# New 2008 Tahoe LTZ "White Diamond"



## whatahottie (Nov 17, 2006)

I just bought this a couple weeks ago!! Looks good sitting next to the bimmer
hehehe....Salt and Pepper


----------



## BmW745On19's (Aug 12, 2005)

That looks real nice man. :thumbup:

Gotta get the front license plate cover for that thing though.


----------



## Jblk328i (Jan 24, 2008)

Big and safe.


----------



## adjmcloon (Aug 26, 2006)

I had an '07 Tahoe and loved it. GM really kicked it up on the interior quality, and the fit and finish wasn't bad at all.

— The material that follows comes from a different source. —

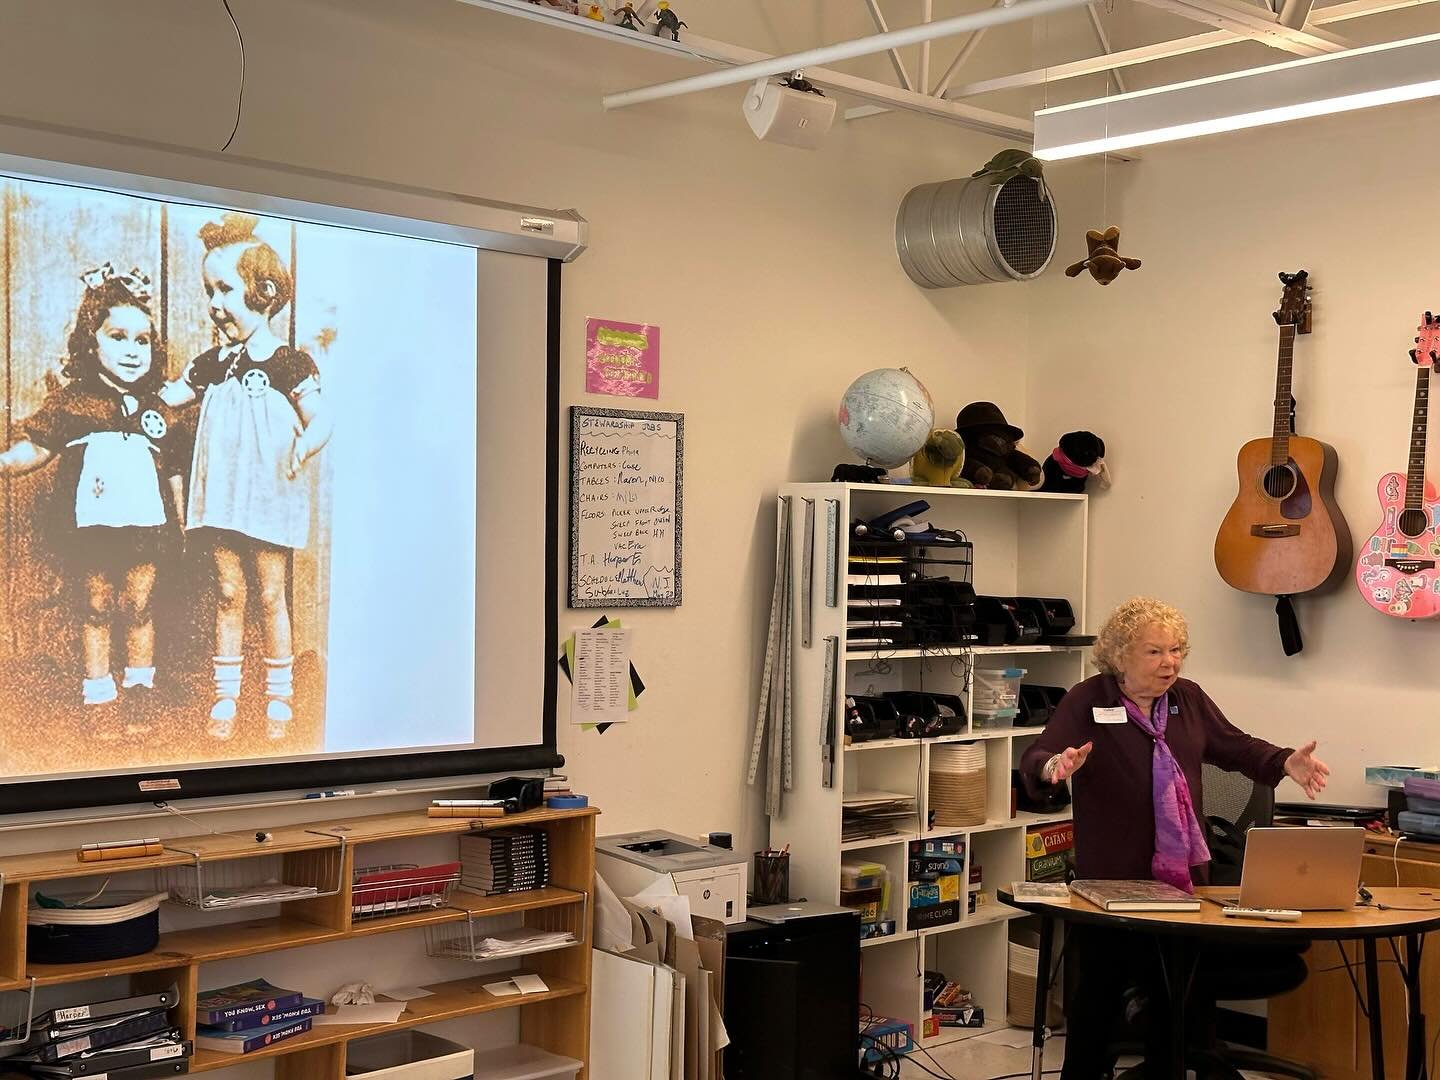 Our 7th and 8th graders were honored by a visit from Henia &ldquo;Henny&rdquo; Lewis, a Holocaust survivor who was smuggled, along with her sister, from a Lithuanian ghetto as a young Jewish girl. Henny shared her incredible story to a rapt audience

It rode really nice as well.


----------



## pbm317 (Apr 15, 2004)

Nice Tahoe!! I'm just waiting for them to put the Denali/Escalade engine/transmission combo into the Tahoe. They're supposed to at some point this year I believe.


----------



## Finamir (Apr 29, 2006)

Congrats- nice contrast with the bimmer.


----------



## Hawkeye16 (Aug 1, 2007)

I love it... all except for the wood trim but to each his own!


----------



## phantombmw (Nov 6, 2007)

Still love the Tahoe for some reason, looks great in white as well. I just wish they would make the steering wheel and controls more "upscale" looking, but I guess that's what the Escalade and Denali bring to the equation. Either way great looking ride!


----------



## AndrewZ (Feb 1, 2006)

:thumbup:


----------



## Wingboot (Jan 8, 2002)

whatahottie said:


>


They make a nice couple!


----------



## Wingboot (Jan 8, 2002)

whatahottie said:


>


...............Or maybe a nice 3-some


----------



## Jever (Apr 16, 2003)

Needs more TV's.


----------



## BmW745On19's (Aug 12, 2005)

teh_jev said:


> Needs more TV's.


Exactly

Kato3000 has the right idea. :thumbup:


----------



## alpinewhite325i (Jan 20, 2002)

When you say "White Diamond" are you referring to the color? If so, I thought that was a Cadillac only paint.


----------



## AirWreck (Oct 11, 2007)

The wife wants one of these, and I like 'em a lot, too, but I'm concerned about having two gas guzzlers instead of just one. 

What kind of mileage are you getting?

We've been thinking about waiting for a used hybrid Tahoe. They only just came out, though.


----------